**Activity**
All the data should be repeated exactly. Any image in it is left out.

··· Material provided ···

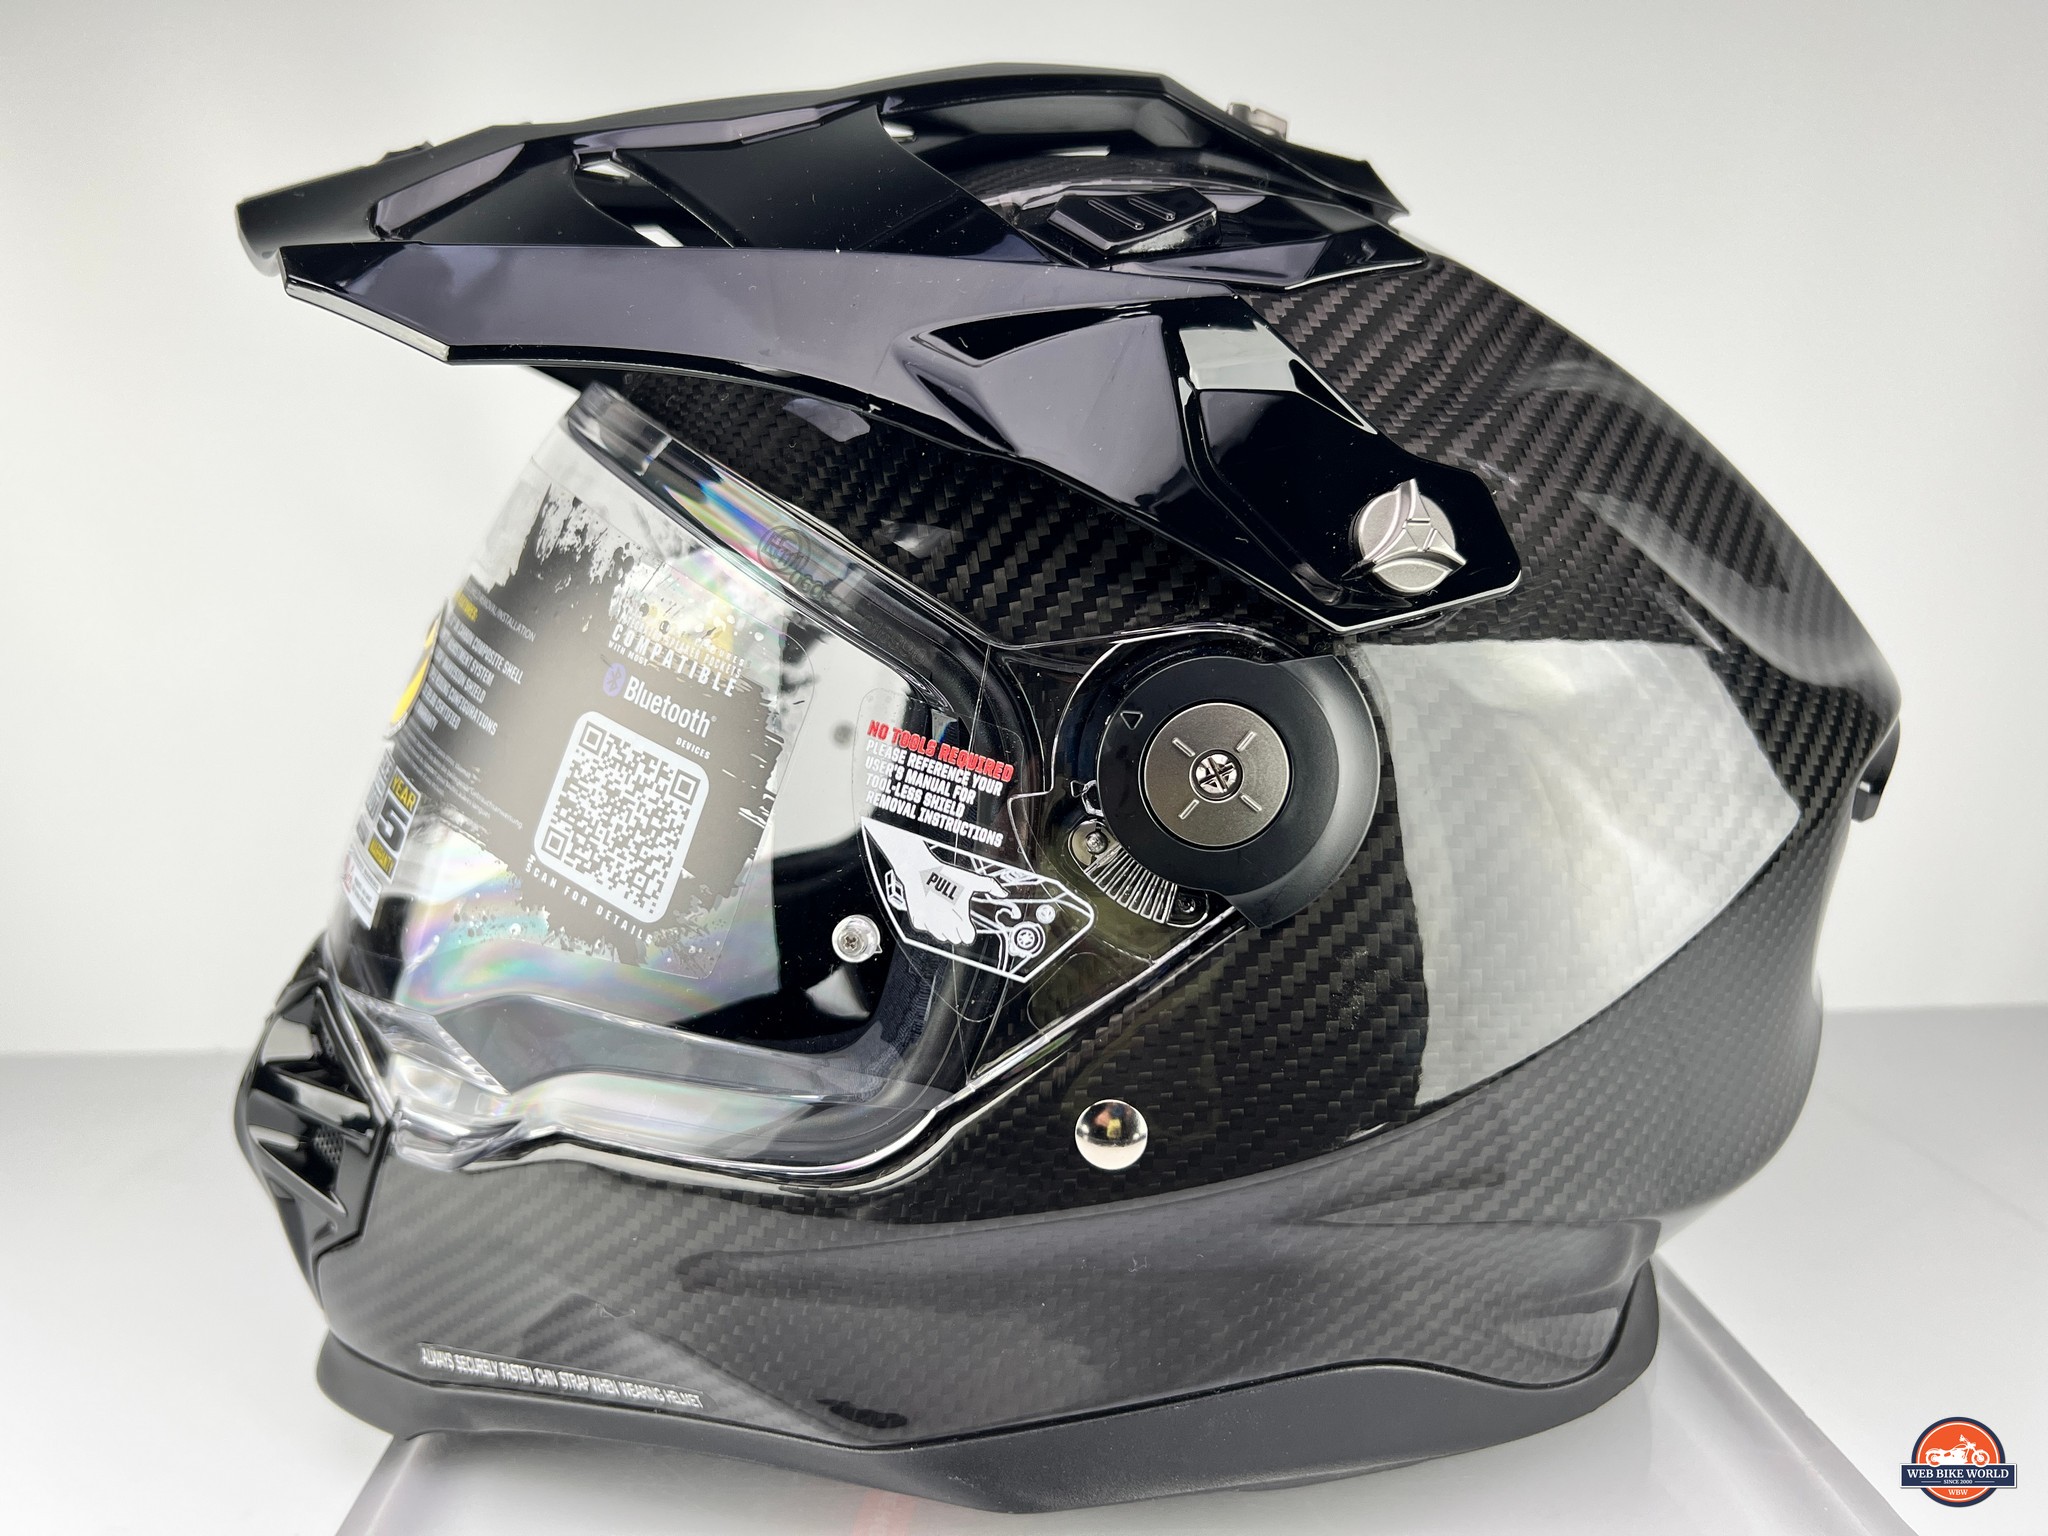 The Scorpion EXO-XT9000 adventure helmet
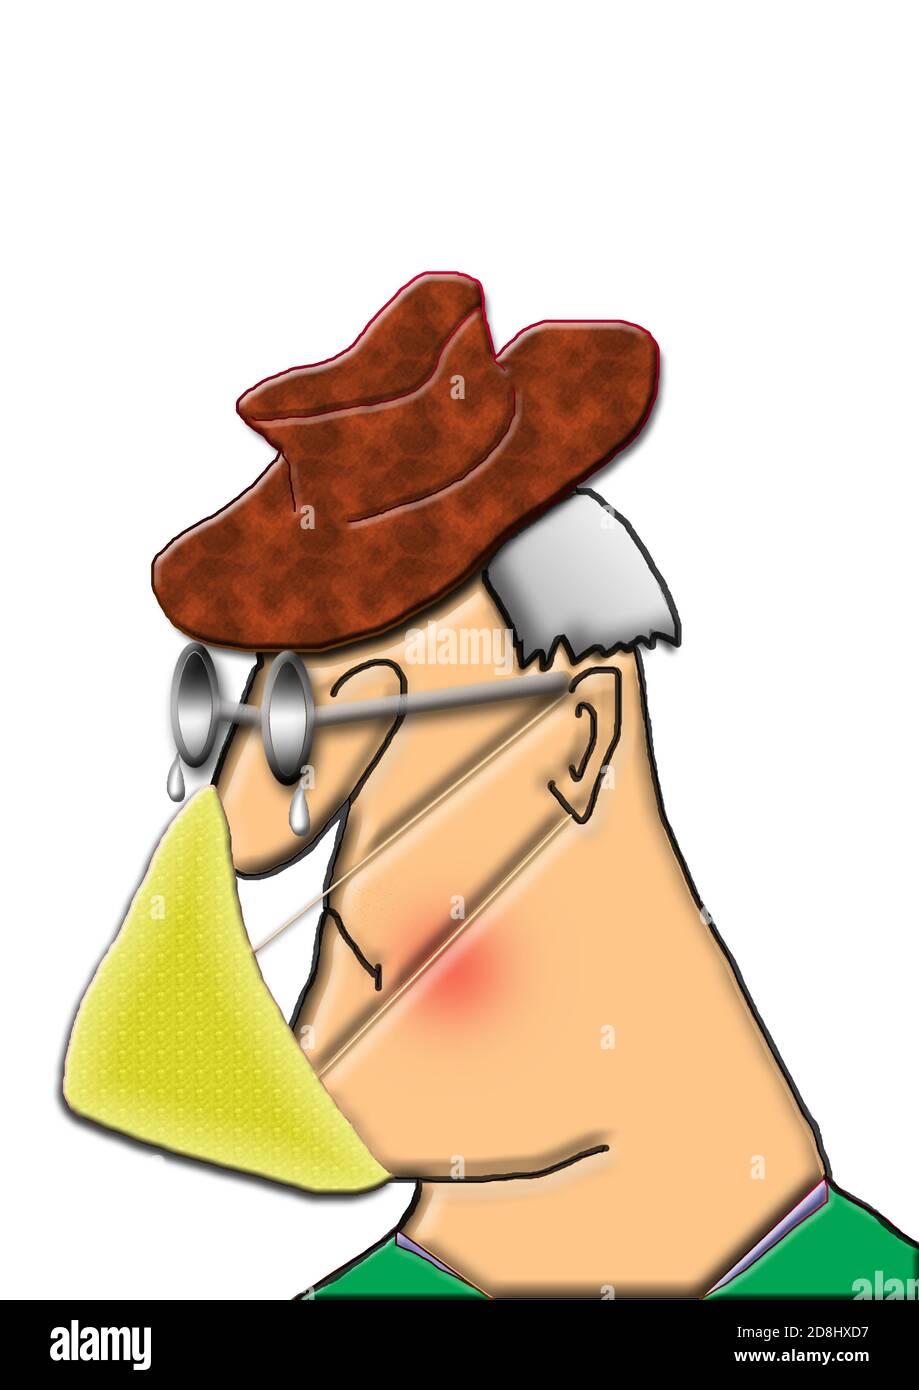 Covid 19 Gesichtsmaske auf einer Zeichentrickfigur schlecht passend Gesichtsbedeckung und verfärbte Gläser auf älteren Gentleman braun Ledereffekt Hut und graue Haare Stockfoto
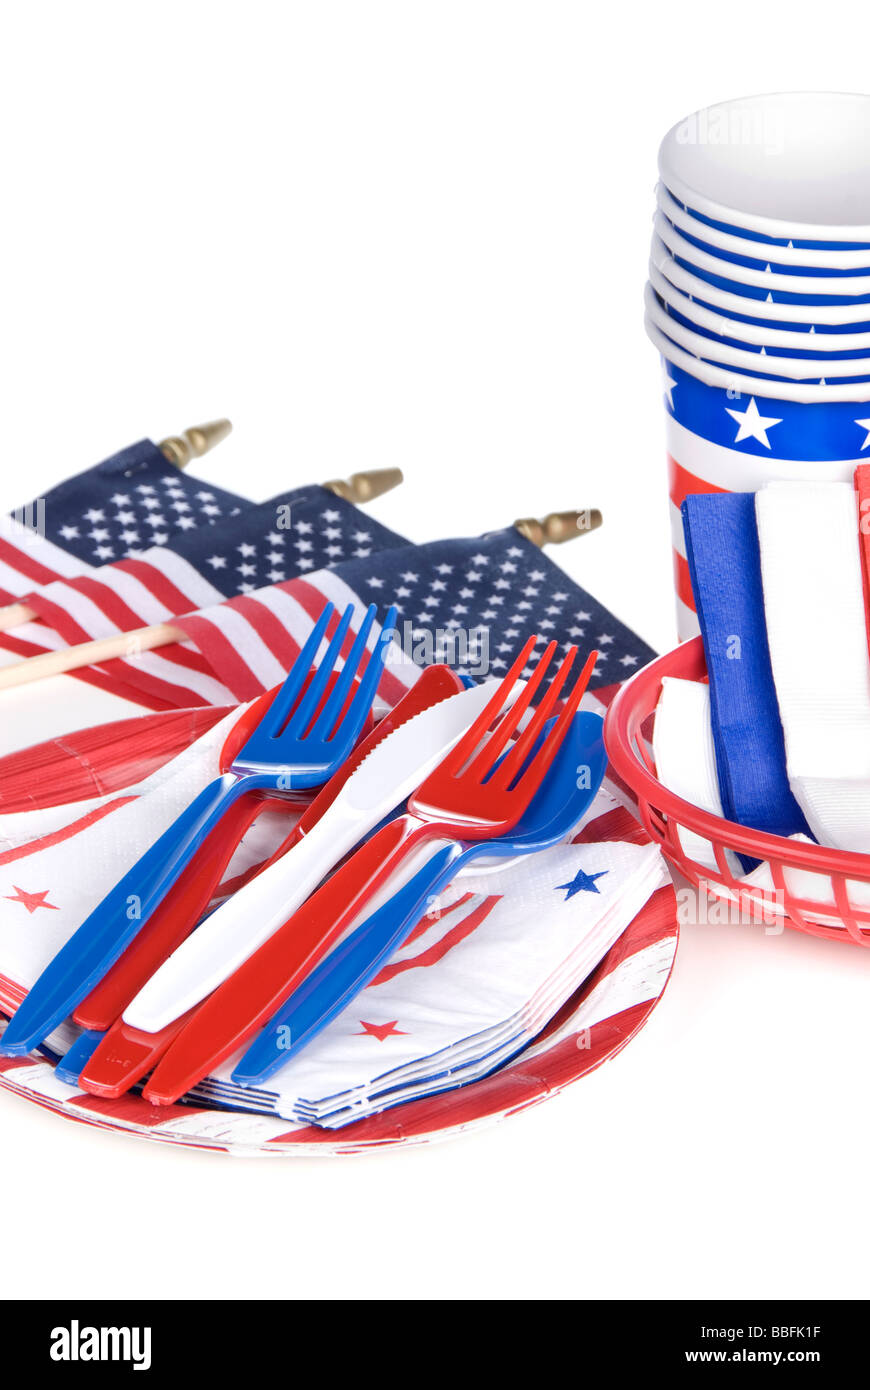 Luglio quarta patriottici utensili compresi in plastica coltelli forchette Cucchiai tovaglioli piatti e tazze su sfondo bianco Foto Stock
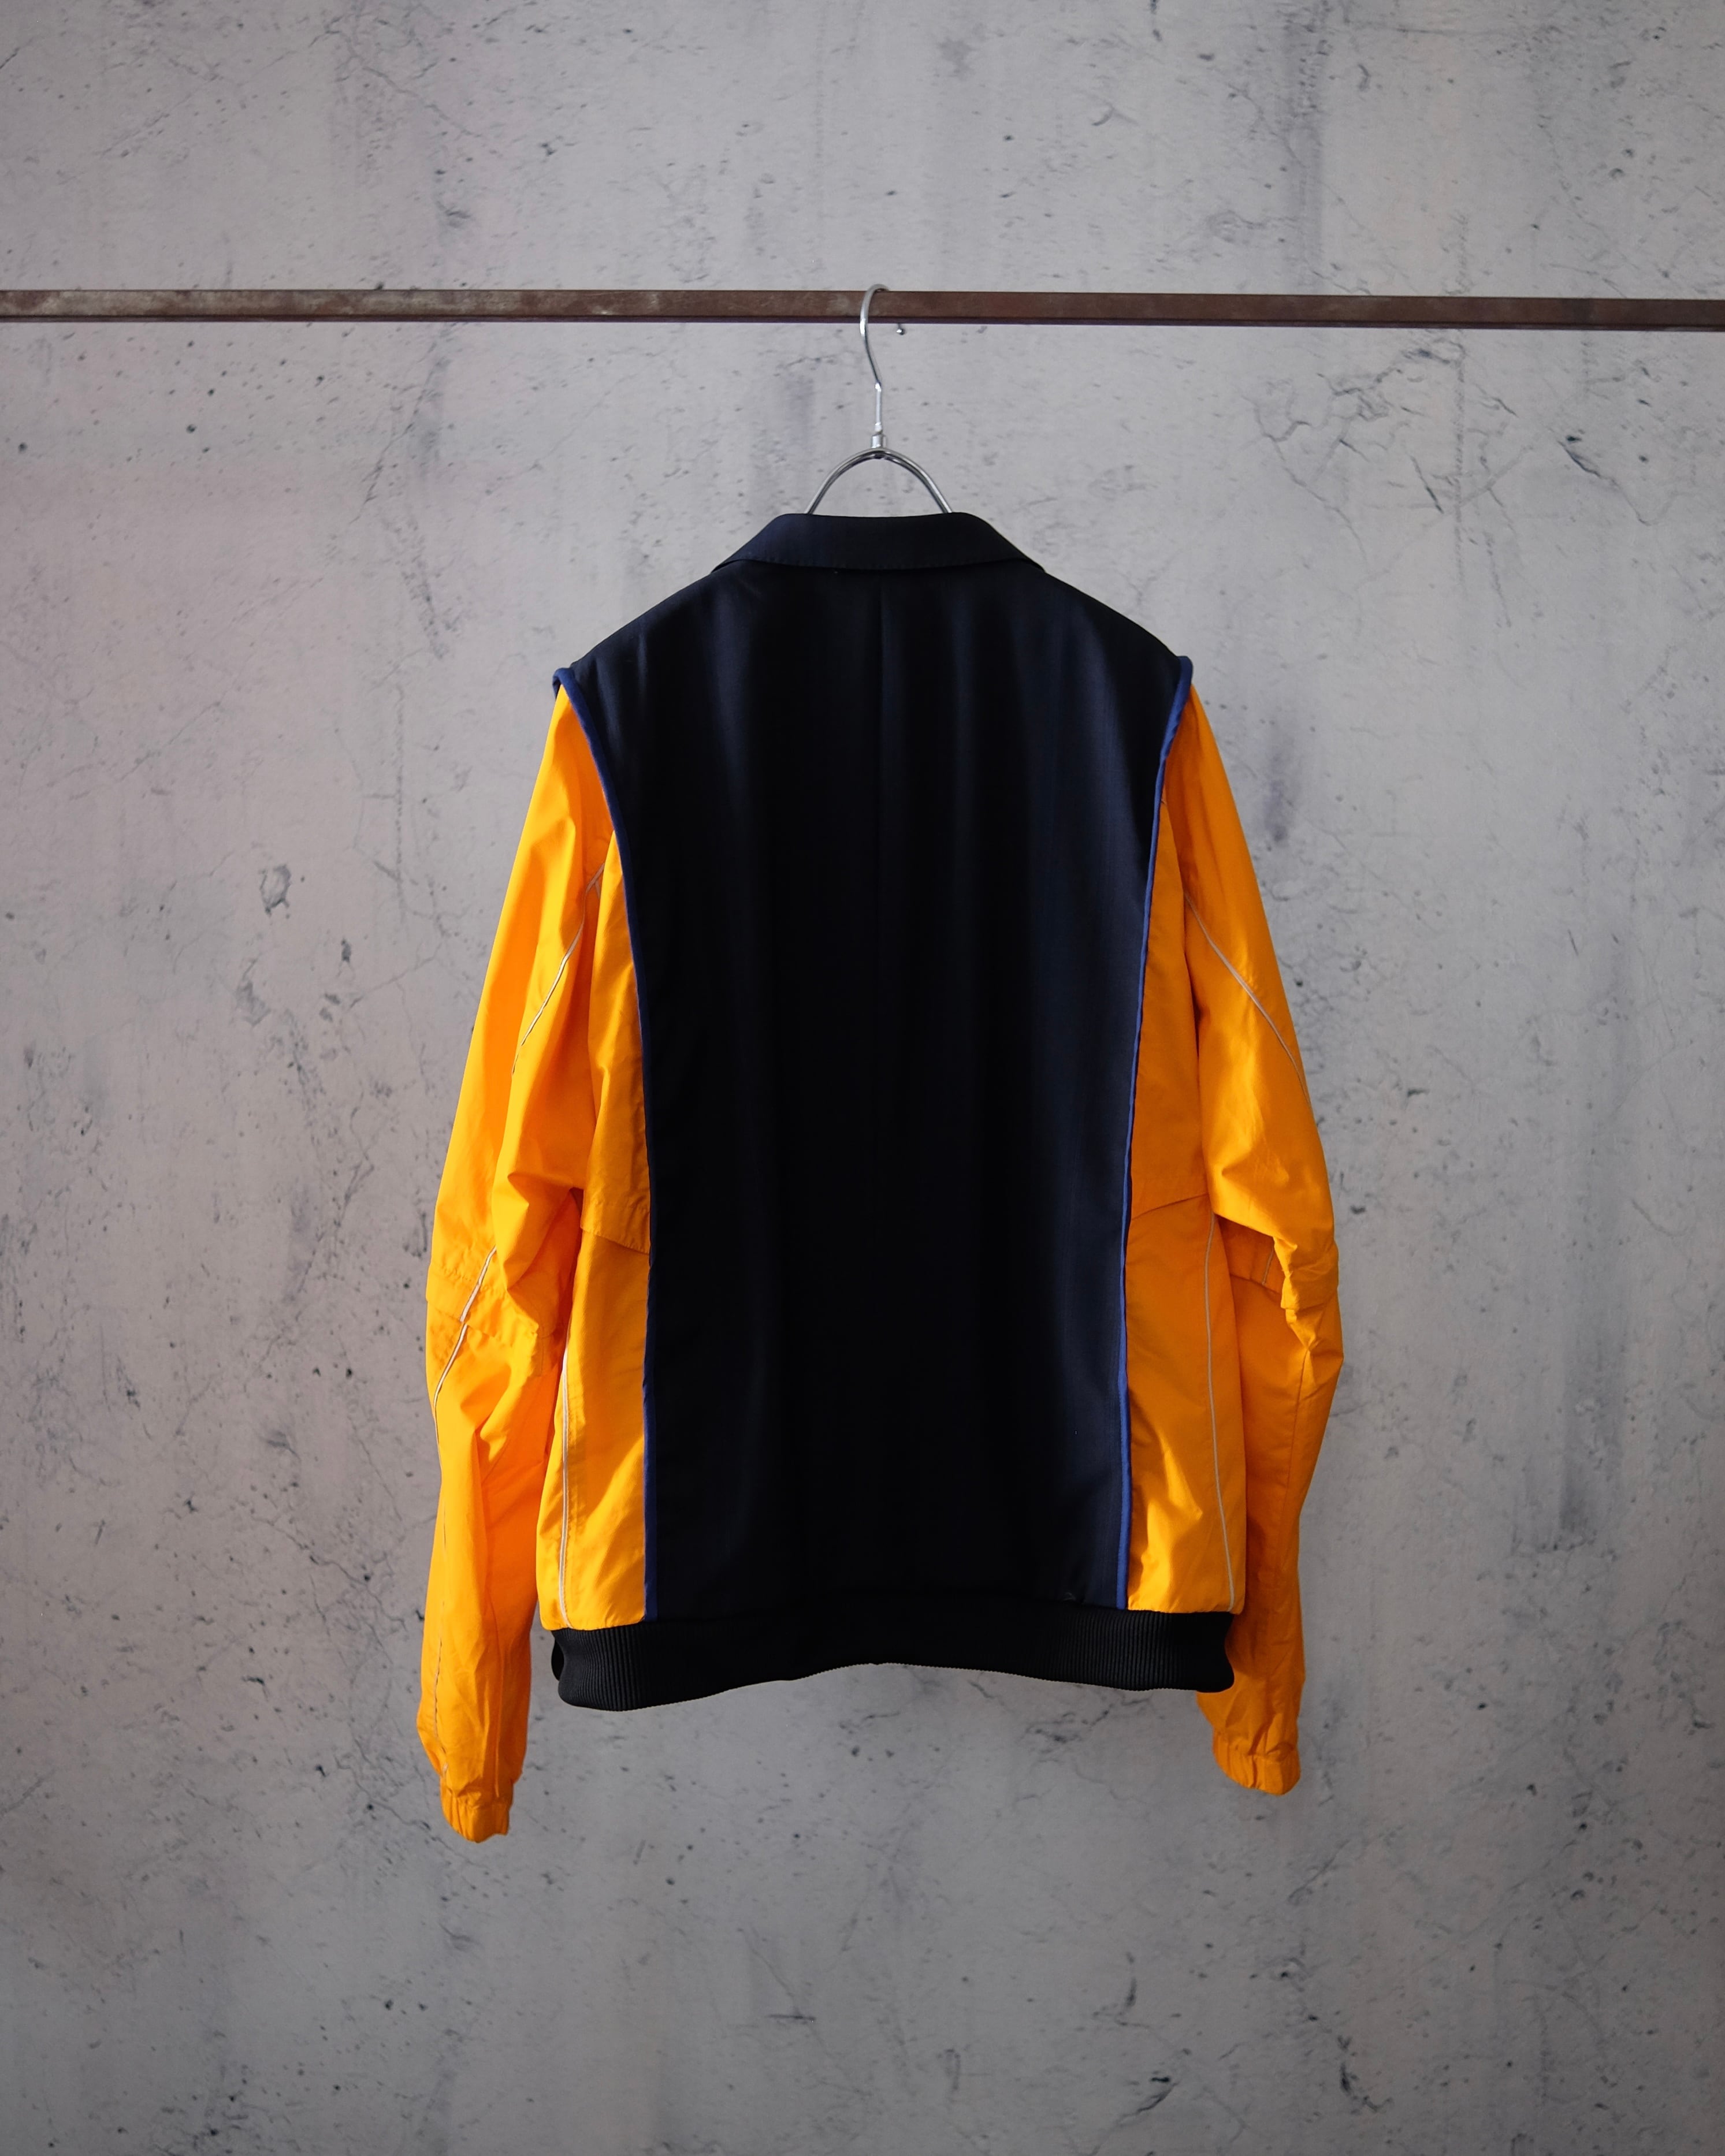 remake tailored short jacket(dark navy × orange) The words

···

**Your solution**
 The Scorpion EXO-XT9000 adventure helmet
 Covid 19 Gesichtsmaske auf einer Zeichentrickfigur schlecht passend Gesichtsbedeckung und verfärbte Gläser auf älteren Gentleman braun Ledereffekt Hut und graue Haare Stockfoto
 Luglio quarta patriottici utensili compresi in plastica coltelli forchette Cucchiai tovaglioli piatti e tazze su sfondo bianco Foto Stock
 remake tailored short jacket(dark navy × orange) The words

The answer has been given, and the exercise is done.